Graphic Arts Center Publishing Company
- Company type: Private
- Industry: Publishing
- Founded: 1968
- Headquarters: Berkeley, California, USA
- Products: books, calendars
- Parent: Turner Publishing
- Website: https://www.westmarginpress.com/

= West Margin Press =

American book publishing company

West Margin Press is a book publishing company.

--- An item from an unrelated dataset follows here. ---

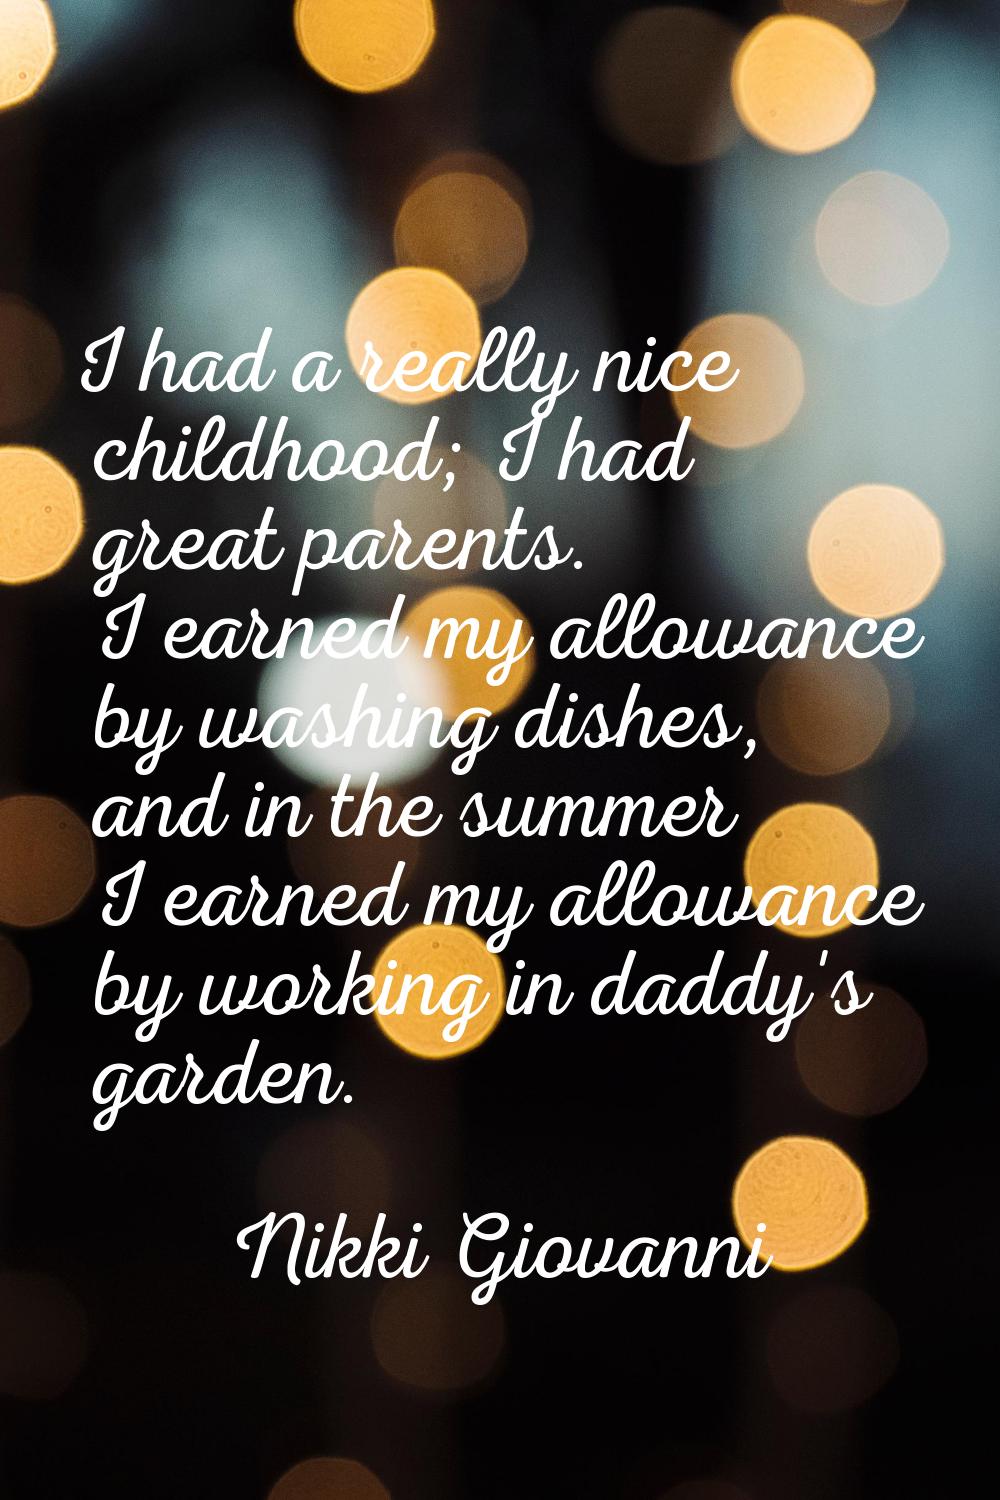 I had a really nice childhood; I had great parents. I earned my allowance by washing dishes, and in
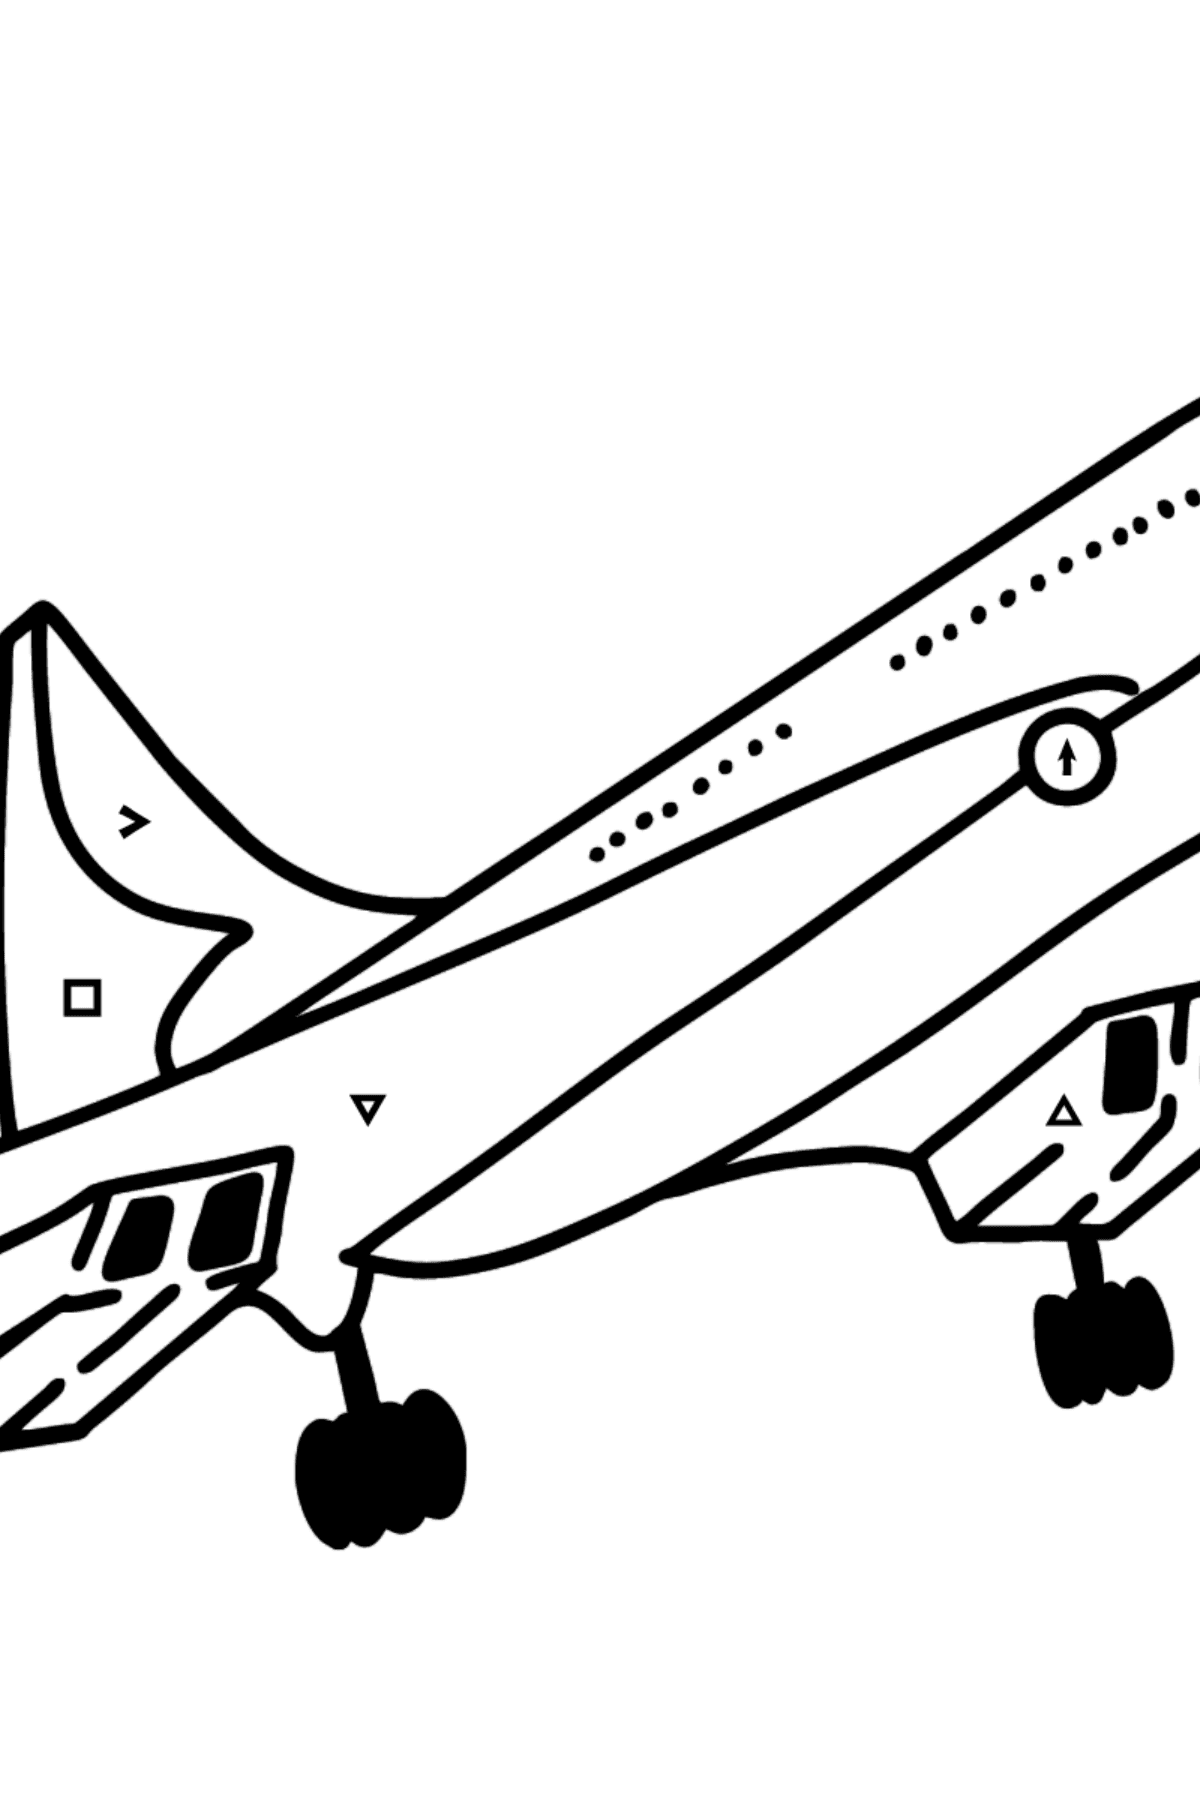 Concorde coloring page - Coloring by Symbols for Kids

Using two additional imprints — Graphic Arts Books and Alaska Northwest Books — West Margin publishes books that focused on lifestyle and place.

==History==
Graphic Arts Center Publishing started in 1967 as a division of Graphic Arts Center, Inc., Oregon's largest printer. The publishing house was one of the pioneers in publishing large-format, full-color print books. These became known as "coffee table books." Their first book in this format was the popular Oregon, a book of photographs by Ray Atkeson, which became a series that includes Oregon 2 and Oregon III.

In the mid 1980s, Graphic Arts began to diversify from photographic books into subjects like children's fiction and non-fiction. In 1993, Graphic Arts acquired Alaska Northwest Books, the largest trade book publisher in the Alaskan market.

In 1998, Graphic Arts started its third imprint, WestWinds Press, to launch a series of Western titles and photography books.

Graphic Arts Center was one of the Northwest's largest book publishers, publishing about 40 books annually and selling over 500 titles to the U.S., Canada, United Kingdom, and Europe.

In April 2006, the company filed for Chapter 11 bankruptcy. In October 2006, Ingram Content Group invested in Graphic Arts as part of a bankruptcy reorganization plan. In January 2007, Graphic Arts Center Publishing Company emerged from bankruptcy. The company again filed for bankruptcy in order to liquidate in November 2009. Ingram became the owner of Graphic Arts.

In 2012, Graphic Arts acquired Pruett Publishing. In 2014, Graphic Arts acquired Companion Press. In 2019, Graphic Arts was renamed West Margin Press, with Graphic Arts remaining as an imprint and the WestWinds Press replaced by West Margin. Turner Publishing acquired West Margin from Ingram in 2022.